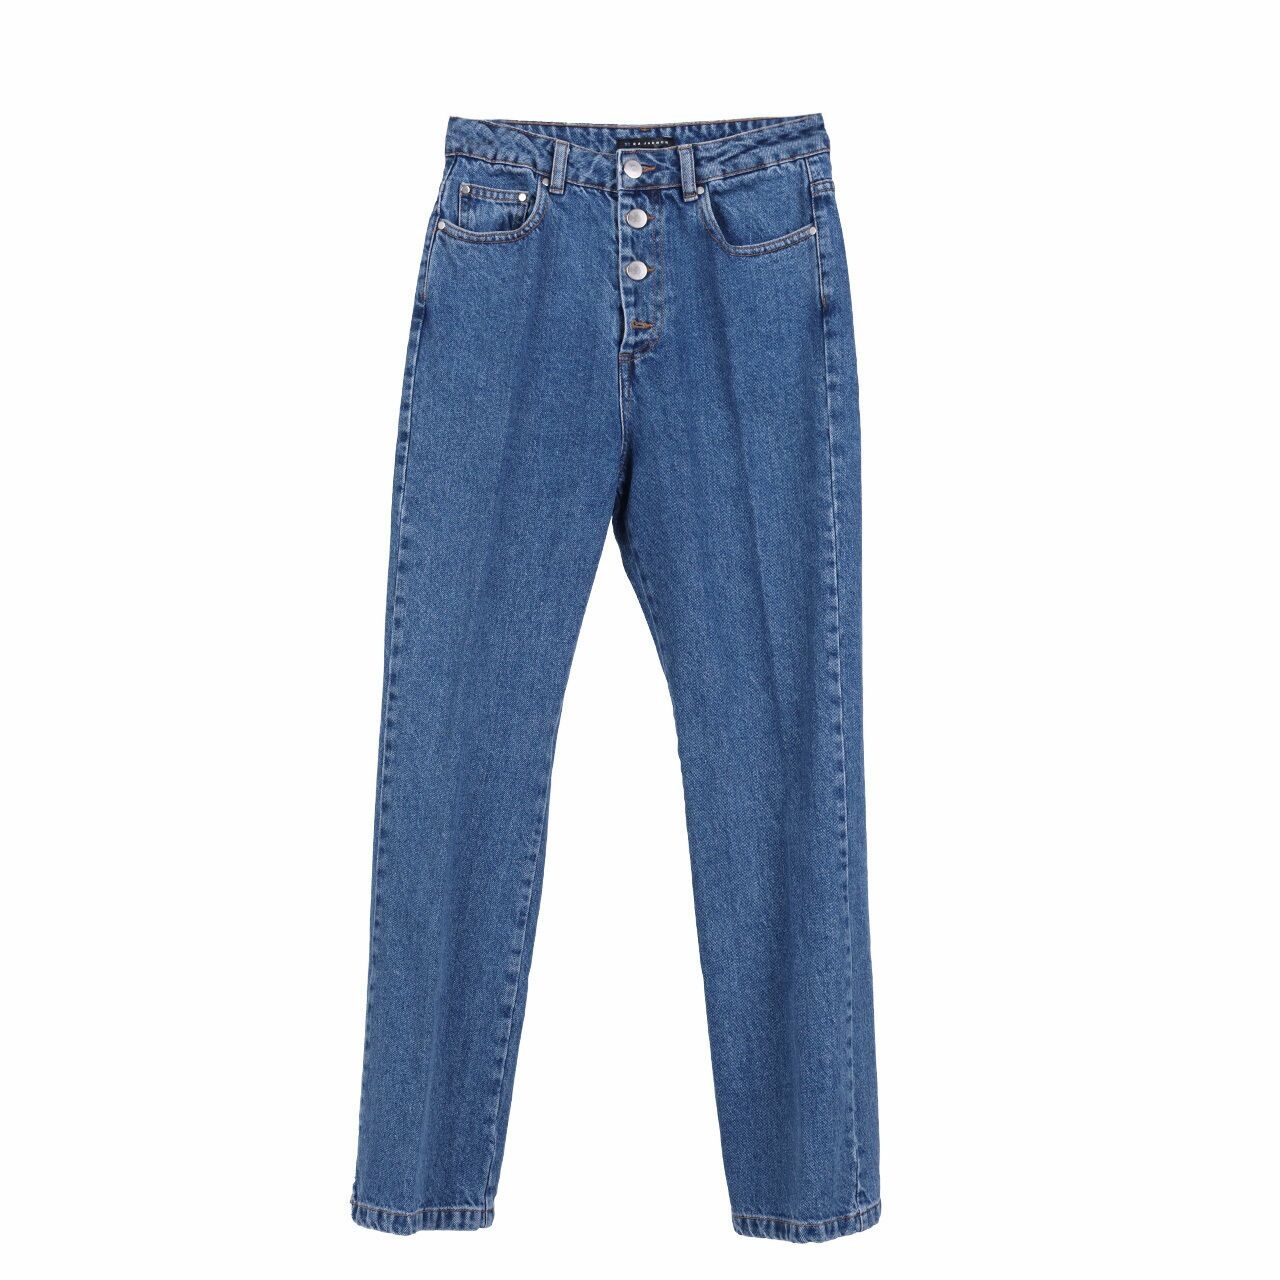 Tara Jarmon Blue Long Pants Jeans
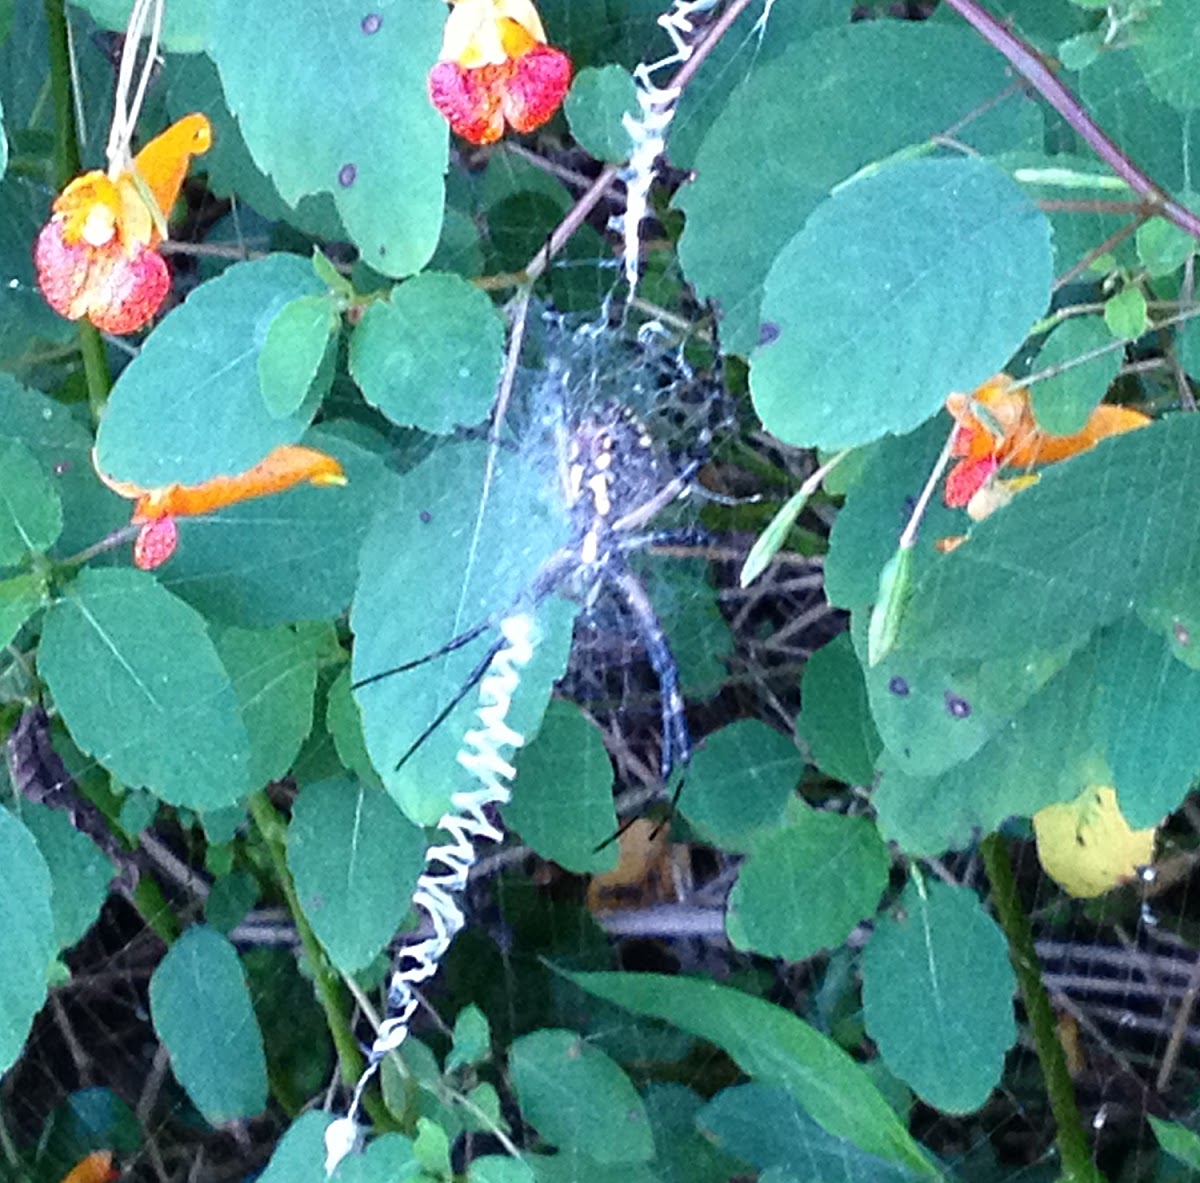 Black and Yellow Garden Spider, Writing Spider or Corn Spider
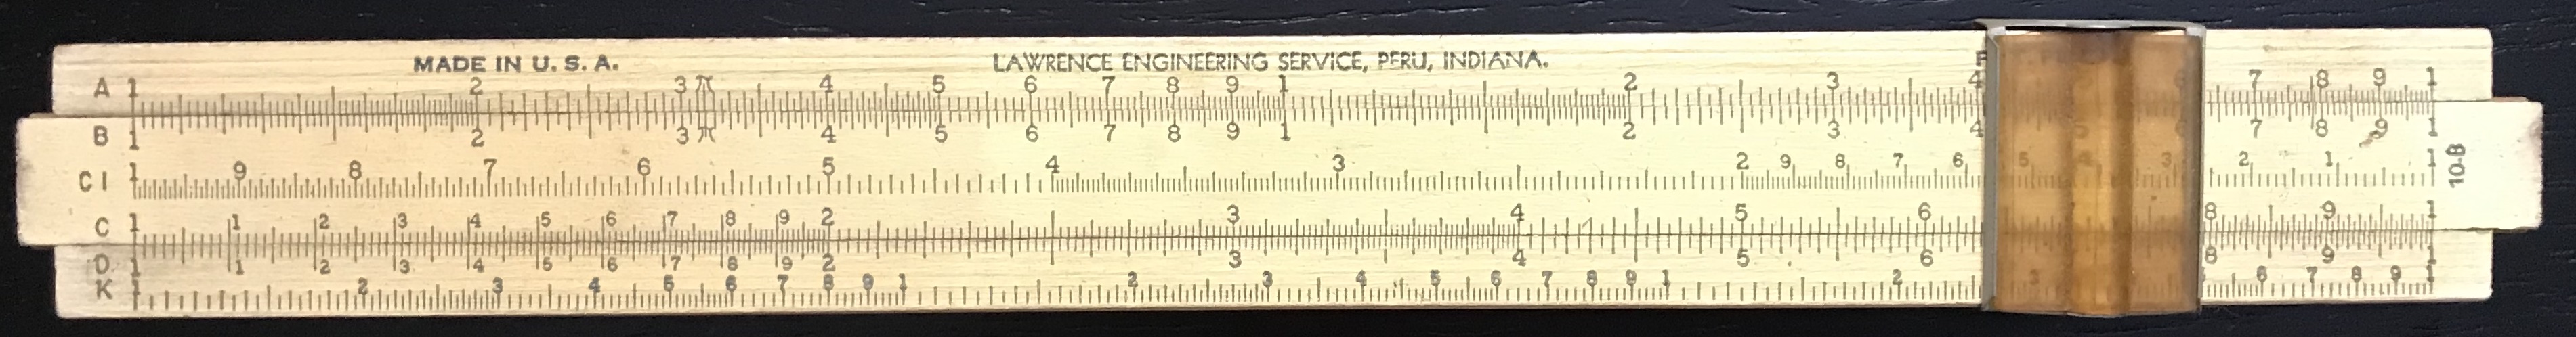 Lawrence Engineering Service, Peru, Indiana, 10-B.
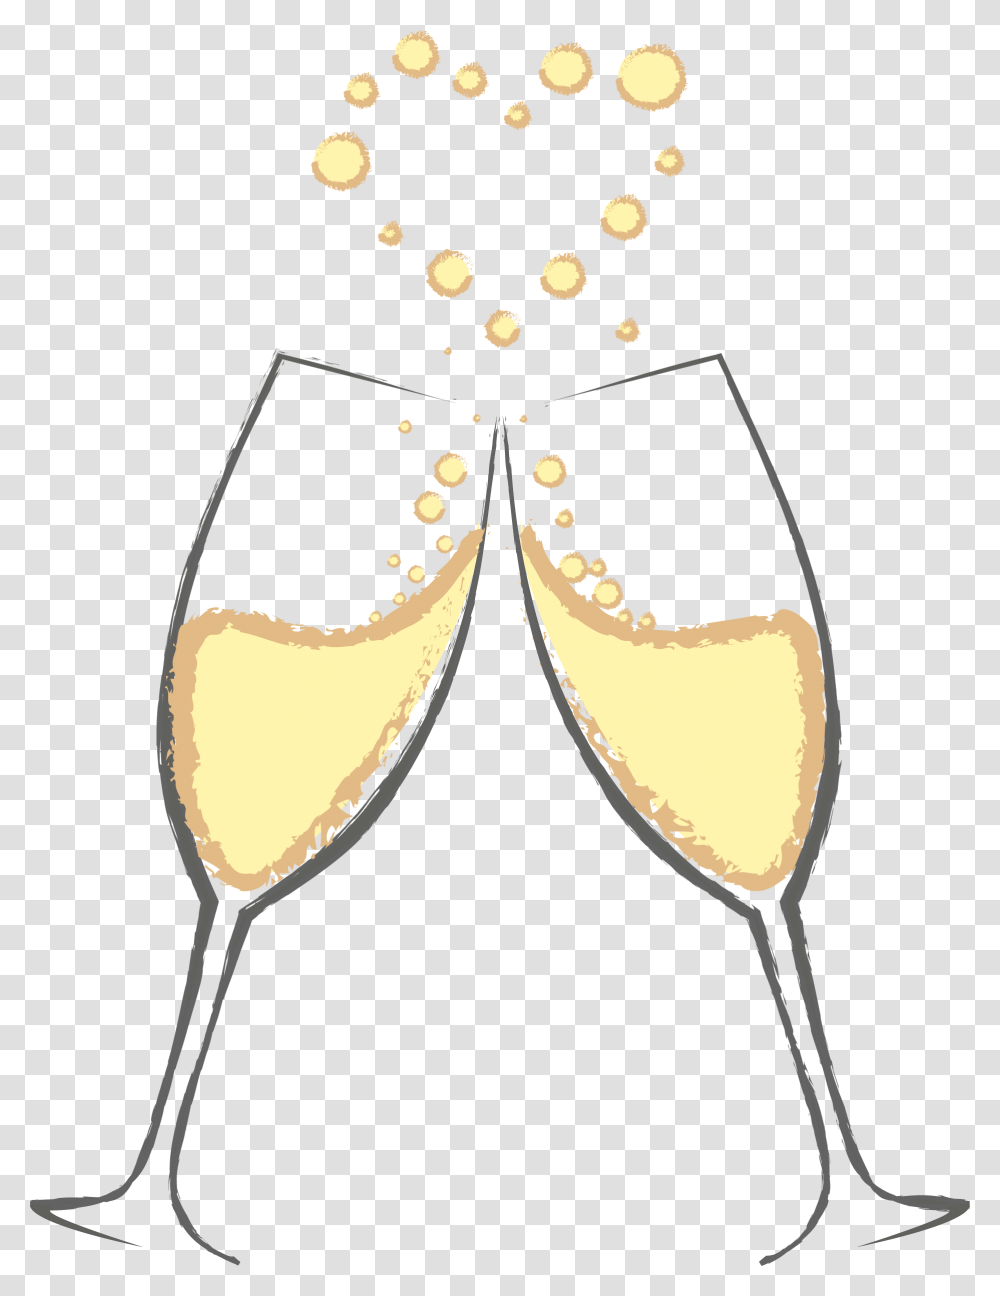 Clip Art Champagne Glasses Clip Art Free Clip Art Champagne Glasses, Wine Glass, Alcohol, Beverage, Drink Transparent Png

§

→ **ASSIGNMENT**
Set down all the material exactly once more. No pictures.

→ **EXERCISE RESULT**
 Tara Jarmon Blue Long Pants Jeans
 Black and Yellow Garden Spider, Writing Spider or Corn Spider
 Lawrence Engineering Service, Peru, Indiana, 10-B.
 Clip Art Champagne Glasses Clip Art Free Clip Art Champagne Glasses, Wine Glass, Alcohol, Beverage, Drink Transparent Png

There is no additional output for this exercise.